Nothing wrong with fighting a disease, getting a cure, using science and technology to enhance your experience and live longer. That doesn’t have to mean that the whole time you are fighting that you are suffering. You can fight and be at peace at the same time. Whatever will be will be. Even when I ask for it to be different. Even when I wish for it to be different. The suffering comes not when I consider how things might be different, but when my longing for things to be different becomes my experience, rather than experiencing the actual experience as it is happening.
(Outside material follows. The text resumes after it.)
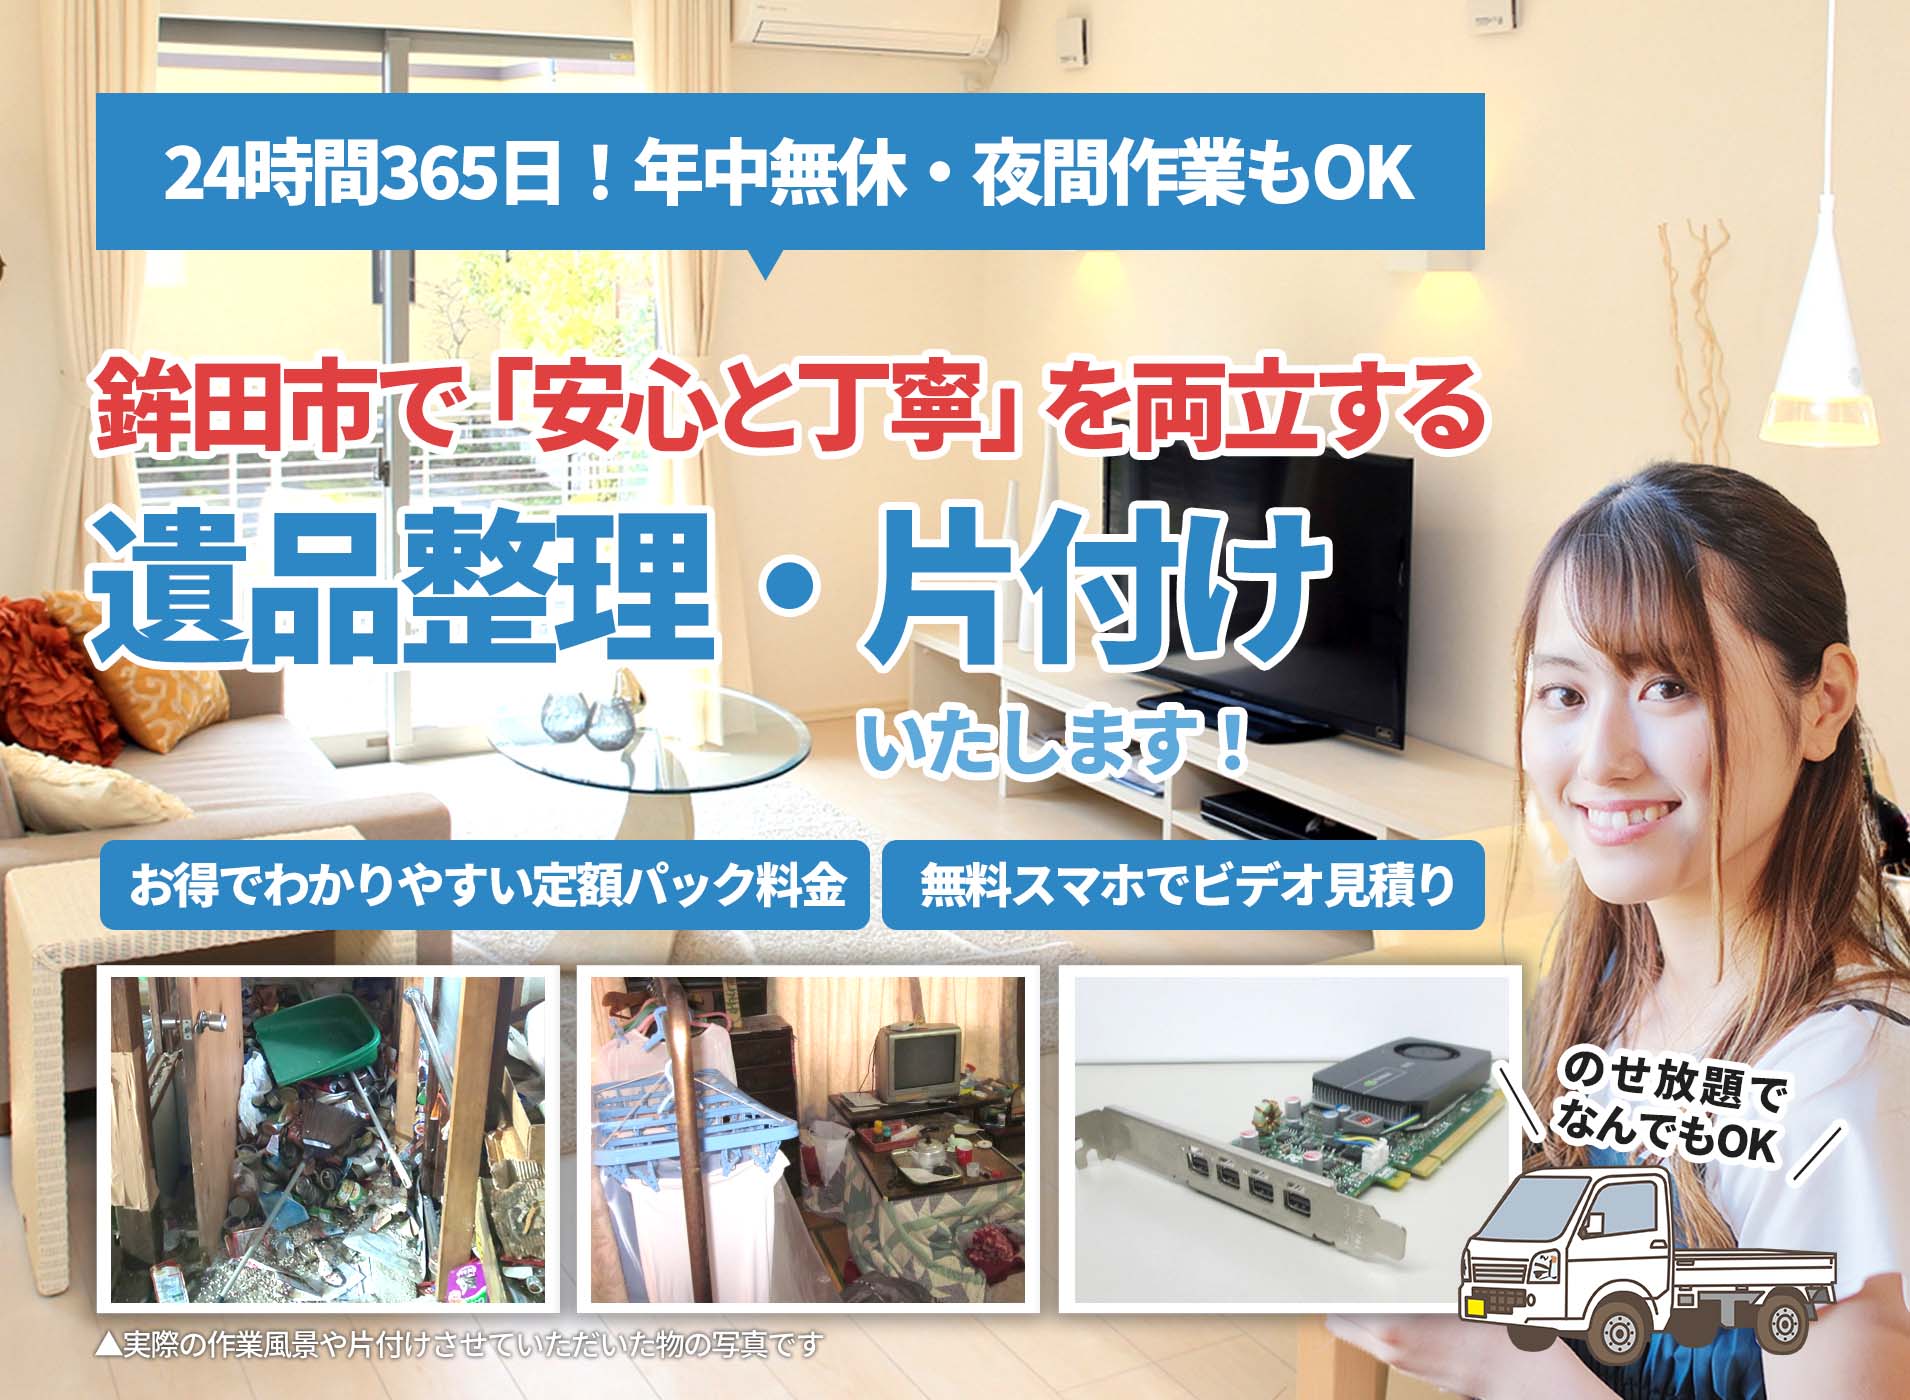 鉾田市で「安心と丁寧」を両立するＬＴＪ遺品整理隊の遺品整理サービス
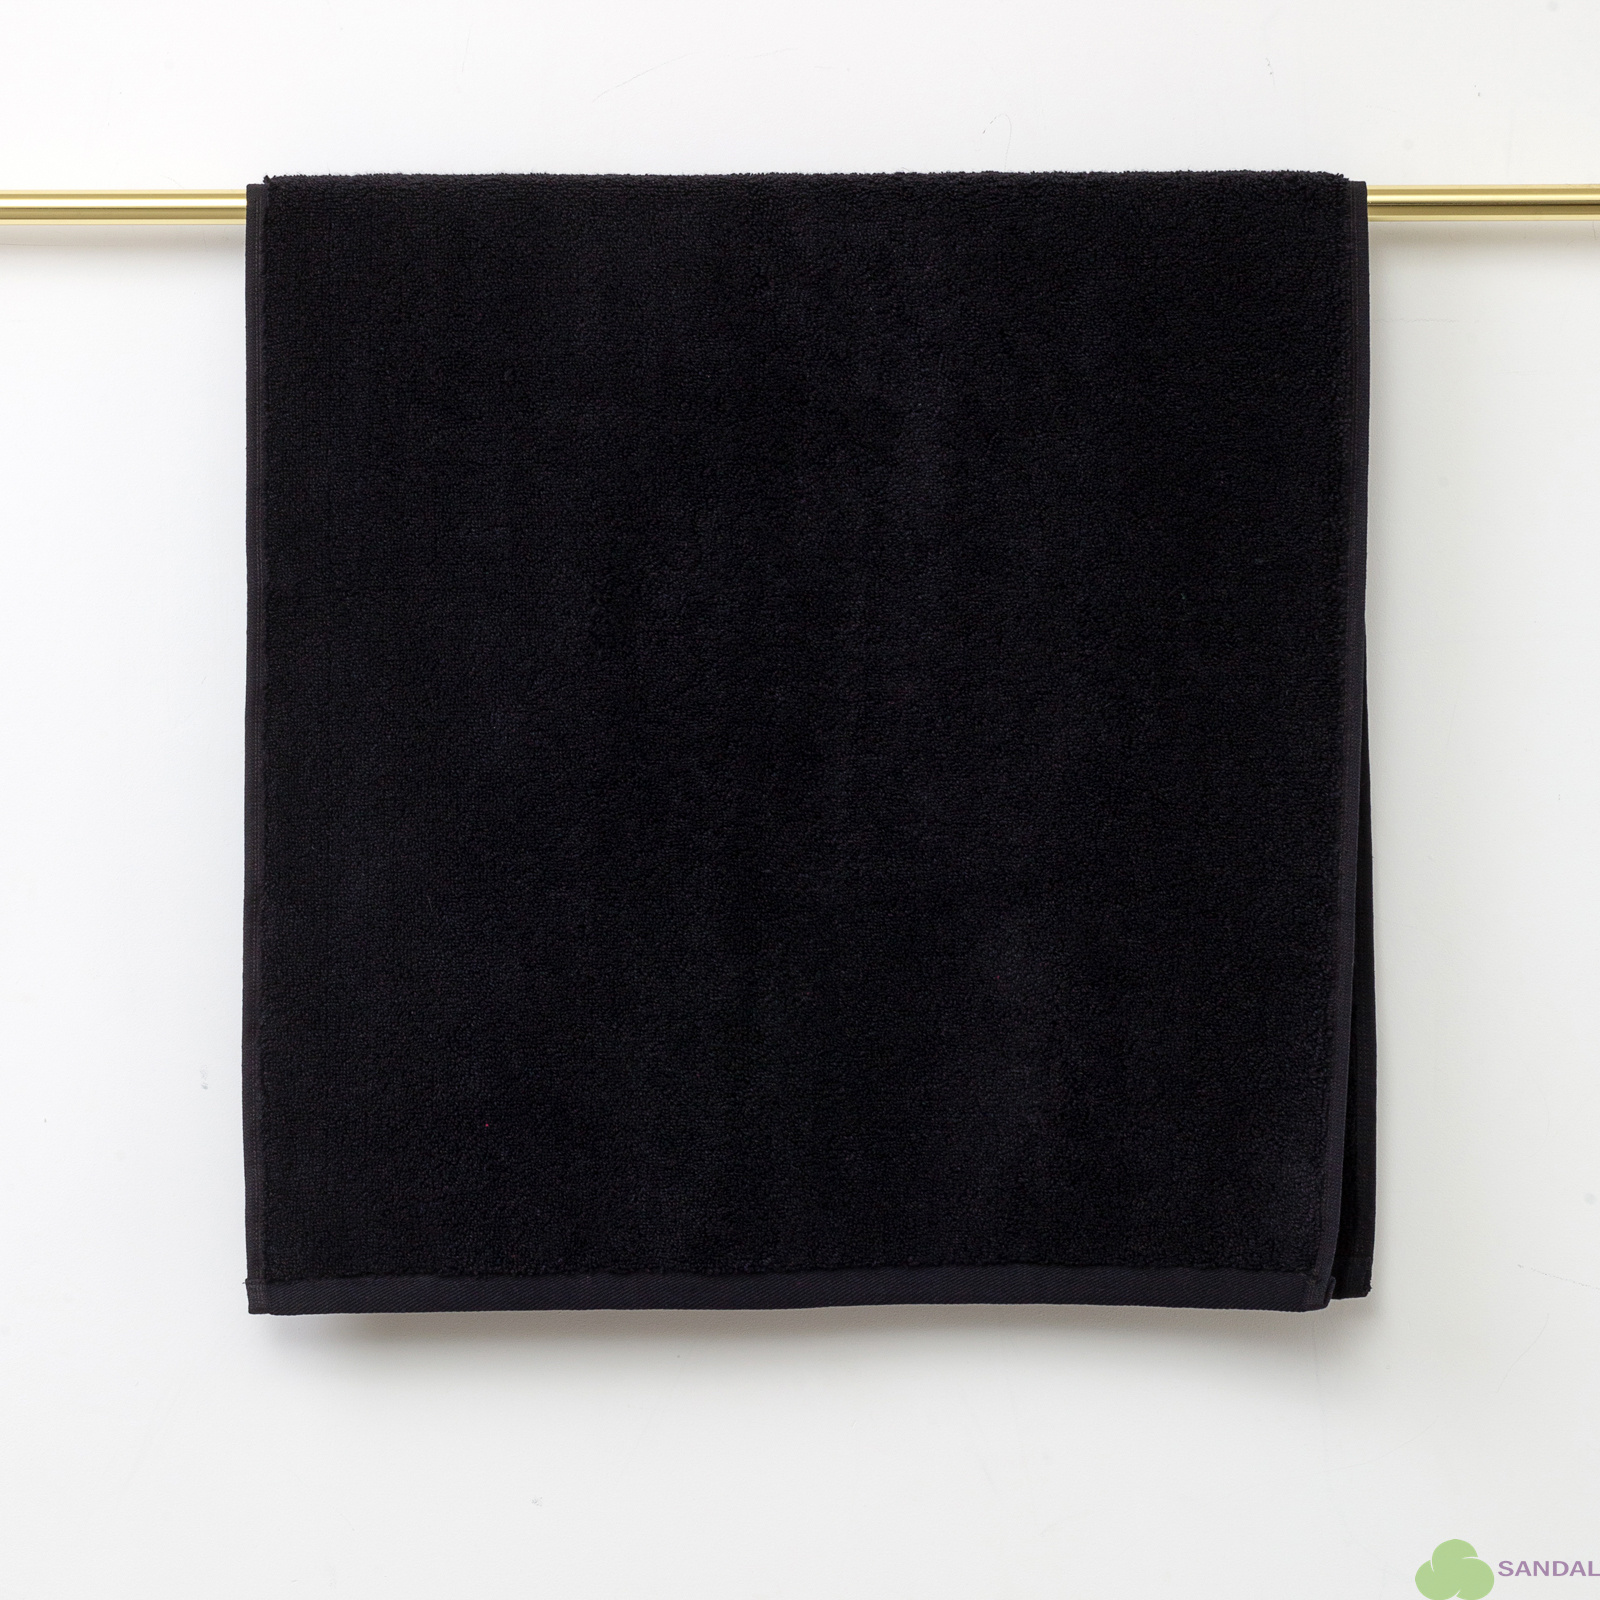 Махровое полотенце Sandal "SuperSoft" 50*100 см., цвет - черный, пл. 500 гр.

So, let go to end suffering. Dive in and attach, love, connect and believe fully and deeply in life and relationships, and know they will end at some point, cause we all die. You don’t need to know when that will happen, and don’t focus on trying to keep it from happening. Just focus on now, and what is here for you now to experience, know, love, feel, and just be present with it. That is the end of suffering. And if you suffer, as we all will do from time to time, try to let that go too. You don’t need to judge it or try to stop it, feel it, then allow it to leave as all things will do if you stop trying to keep them from doing so.
Whether something is awesome and amazing or painful and destructive, there is a time and a place for it. When we allow that to happen. When we allow that to be, we can also be at peace with whatever it is.